Sumathipala Marissa, Maiorino Enrico, Weiss Scott T, Sharma Amitabh
Channing Division of Network Medicine, Department of Medicine, Brigham and Women's Hospital, Harvard Medical School, Boston, MA, United States.
Harvard College, Cambridge, MA, United States.
Front Physiol. 2019 Jul 16;10:888. doi: 10.3389/fphys.2019.00888. eCollection 2019.
Recently, long-non-coding RNAs (lncRNAs) have attracted attention because of their emerging role in many important biological mechanisms. The accumulating evidence indicates that the dysregulation of lncRNAs is associated with complex diseases. However, only a few lncRNA-disease associations have been experimentally validated and therefore, predicting potential lncRNAs that are associated with diseases become an important task. Current computational approaches often use known lncRNA-disease associations to predict potential lncRNA-disease links. In this work, we exploited the topology of multi-level networks to propose the ncRNA rankng by Netwrk Diffusio (LION) approach to identify lncRNA-disease associations. The multi-level complex network consisted of lncRNA-protein, protein-protein interactions, and protein-disease associations. We applied the network diffusion algorithm of LION to predict the lncRNA-disease associations within the multi-level network. LION achieved an AUC value of 96.8% for cardiovascular diseases, 91.9% for cancer, and 90.2% for neurological diseases by using experimentally verified lncRNAs associated with diseases. Furthermore, compared to a similar approach (TPGLDA), LION performed better for cardiovascular diseases and cancer. Given the versatile role played by lncRNAs in different biological mechanisms that are perturbed in diseases, LION's accurate prediction of lncRNA-disease associations helps in ranking lncRNAs that could function as potential biomarkers and potential drug targets.

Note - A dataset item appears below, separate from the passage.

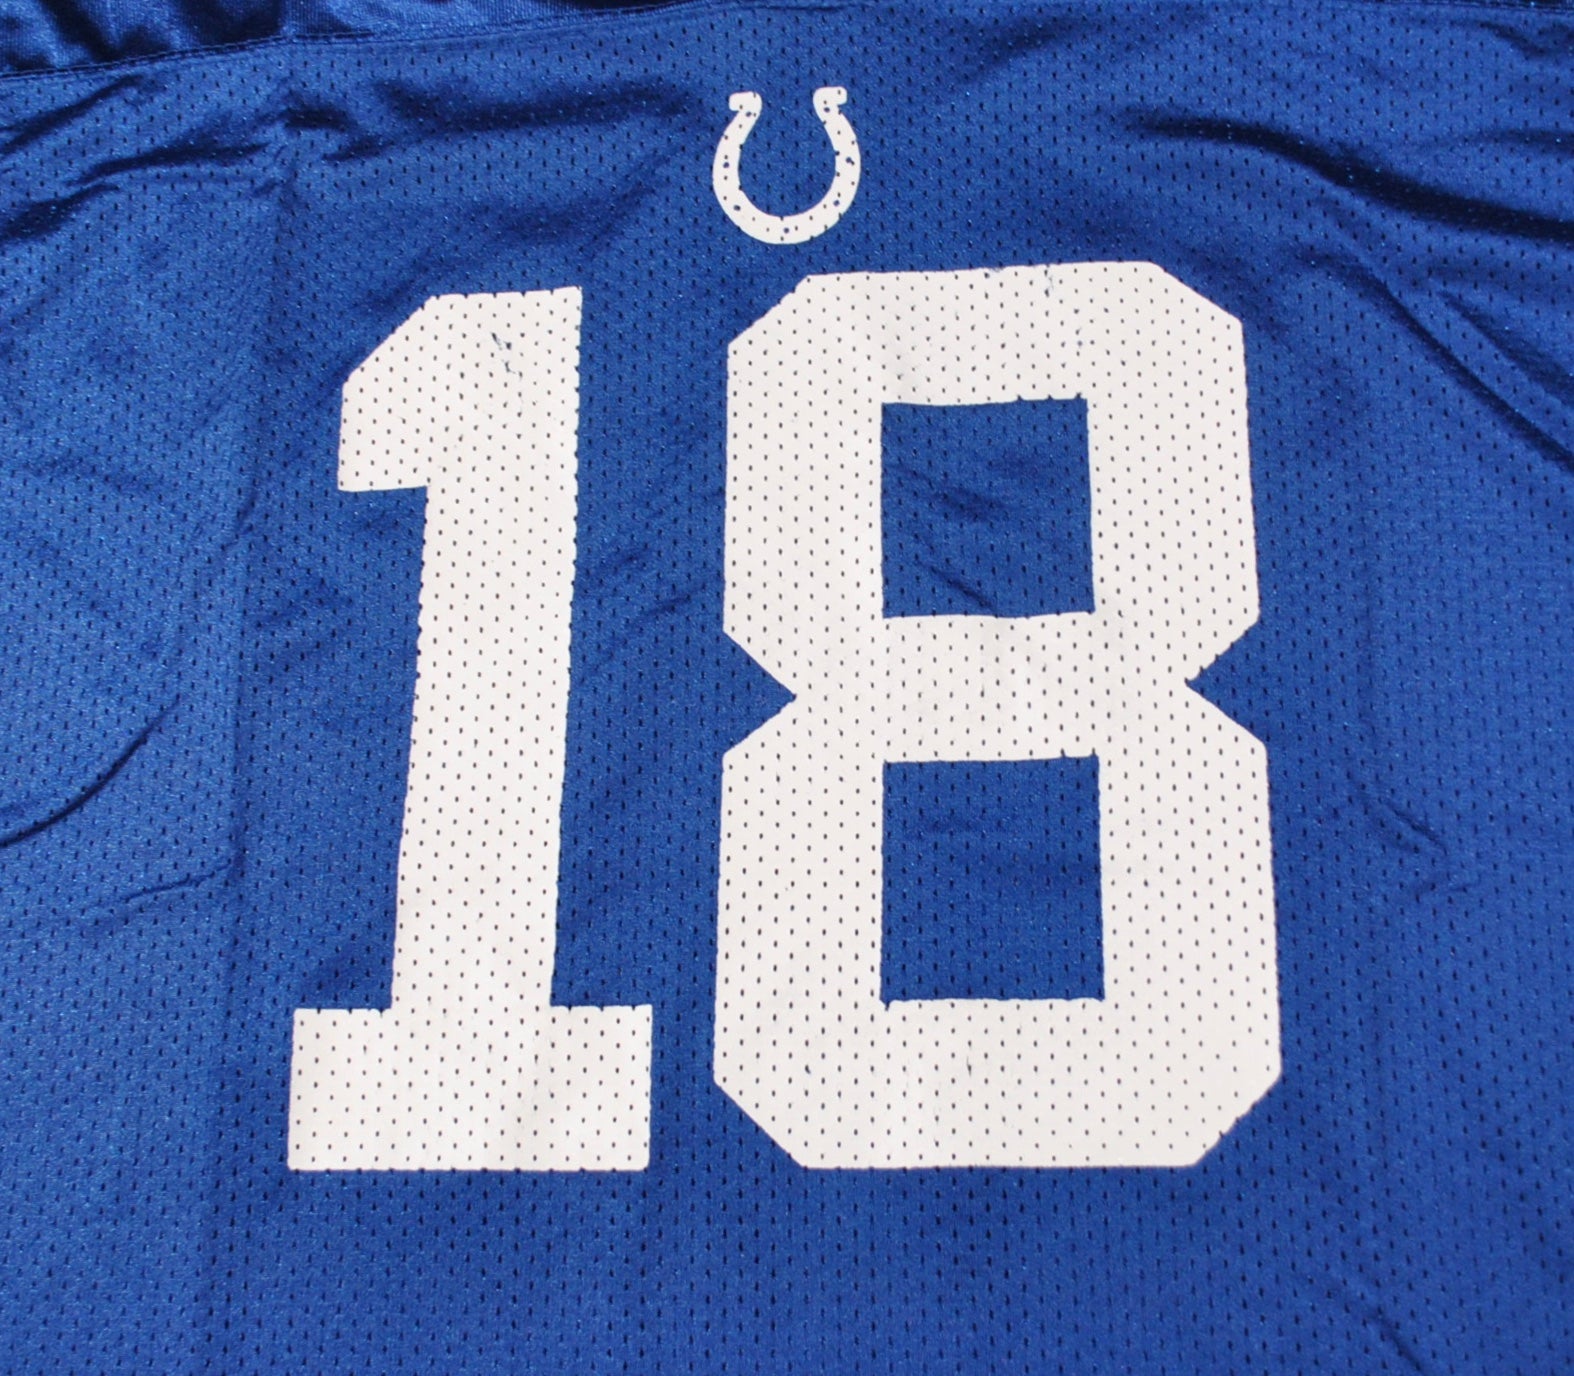 Peyton Manning #16 Indianapolis Colts NFL Super Bowl Jersey Youth S 6-8  child

最近,长链非编码RNA(lncRNAs)因其在许多重要生物学机制中发挥的新作用而备受关注。越来越多的证据表明,lncRNAs的失调与复杂疾病有关。然而,只有少数lncRNA与疾病的关联得到了实验验证,因此,预测与疾病相关的潜在lncRNAs成为一项重要任务。当前的计算方法通常利用已知的lncRNA与疾病的关联来预测潜在的lncRNA与疾病的联系。在这项工作中,我们利用多层次网络的拓扑结构,提出了基于网络扩散的ncRNA排名(LION)方法来识别lncRNA与疾病的关联。多层次复杂网络由lncRNA与蛋白质、蛋白质与蛋白质的相互作用以及蛋白质与疾病的关联组成。我们应用LION的网络扩散算法来预测多层次网络内的lncRNA与疾病的关联。通过使用与疾病相关的经实验验证的lncRNAs,LION在心血管疾病方面的AUC值达到了96.8%,在癌症方面为91.9%,在神经系统疾病方面为90.2%。此外,与类似方法(TPGLDA)相比,LION在心血管疾病和癌症方面表现更好。鉴于lncRNAs在疾病中受到干扰的不同生物学机制中发挥的多种作用,LION对lncRNA与疾病关联的准确预测有助于对可能作为潜在生物标志物和潜在药物靶点的lncRNAs进行排名。